Specialising in the art of Brazilian Jiu Jitsu, Robinson had been living in Singapore for about six years.

He was well-known in the MMA community, and had previously been chosen to appear in a state campaign for Contact Singapore, a local employment body promoting expat talent.

The court heard that he had met one of the teenagers on a dating app in early 2015. After months of exchanging messages, they met up in person and he brought her back to his apartment where he filmed them having intercourse.

Unaware of the video, the girl then informed her parents about the assault and they lodged a police report.

Robinson was arrested in June 2015. A police raid uncovered thousands of obscene movies as well as a folder of saved films, including one of him engaging in sexual intercourse with another 15-year-old girl he had met two years before.

Singapore is known for its tough approach to law and order

Singapore is known for its tough approach to law and order

He later pleaded guilty to nine charges; they included three counts of having sex with a minor under sixteen and one for showing an obscene film to a six-year-old girl, which he did while out on bail.

He was given a total of four years in prison.

 

Outrage in Singapore

 

Singapore’s crime rate is among the lowest in the world, and its judicial system one of the toughest. Lengthy jail terms and canings are common.

So public anger erupted in the media and online, as Robinson was seen as having got off lightly. Some asked whether a foreigner had been allowed to escape a harsher punishment.

More than 27,000 people have signed a petition calling for a revision of the sentencing.

“This is totally absurd,” said Singaporean Michael Liew Khong in a post comment on state broadcaster
Channel NewsAsia’s Facebook page. “A four year sentence for a paedophile? What kind of laws do we have here? It’s never about the nationality but the seriousness of the crime.”
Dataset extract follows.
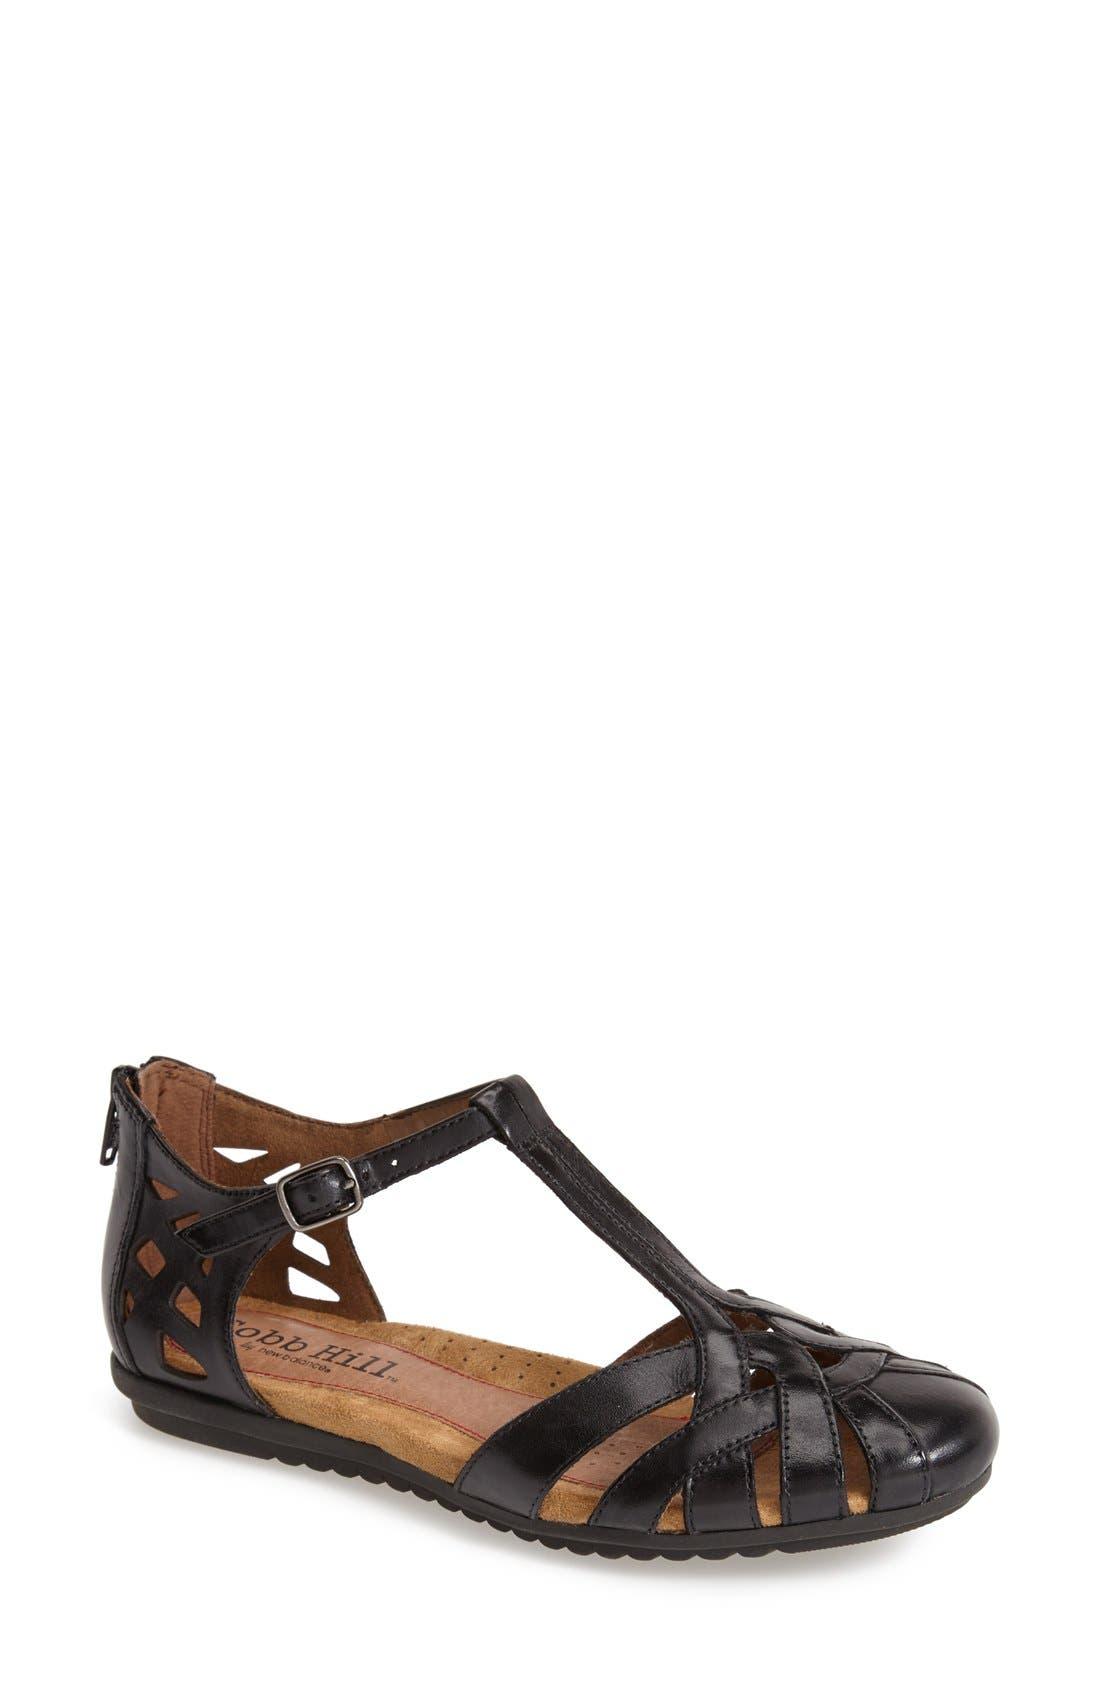 ROCKPORT COBB HILL 'Ireland' Leather Sandal, Main, color, BLACK

Other Facebook users like Chiaming Cho agreed. “This isn’t an issue about locals versus foreigners.

This is about a tough enough sentence to deter would-be offenders for a crime that may have lasting effects of a lifetime.”

Edwin Yeo highlighted the amount of videos featuring children found in Robinson’s possession. “This is taken more seriously in other nations. Why isn’t our justice system looking at that? Robinson will probably be out in two years for good behaviour. This is infuriating.”

The lack of corporal punishment was also called into question by some netizens.

“I do not understand why there isn’t any caning being meted out in the sentencing,” said Mag Kan.

“Caning has always been part of sexual assault sentencing. Why is he being exempted from that?”

In its statement on Wednesday, the Attorney-General’s Chambers (AGC) acknowledged public unhappiness but said the four-year sentence was “broadly in line with relevant sentencing precedents” and that by pleading guilty, the victims had been spared having to testify.

It stressed Robinson had been convicted of neither sexual assault nor statutory rape, as the girls were above the age of 14 and had consented. “Caning is not provided for any of the offences Robinson was charged with,” it said.

The AGC said it did “not differentiate between Singaporeans and non-Singaporeans”, but that it would be discussing with government “whether the relevant legislation should be reviewed to enhance sentencing for some of the offences”.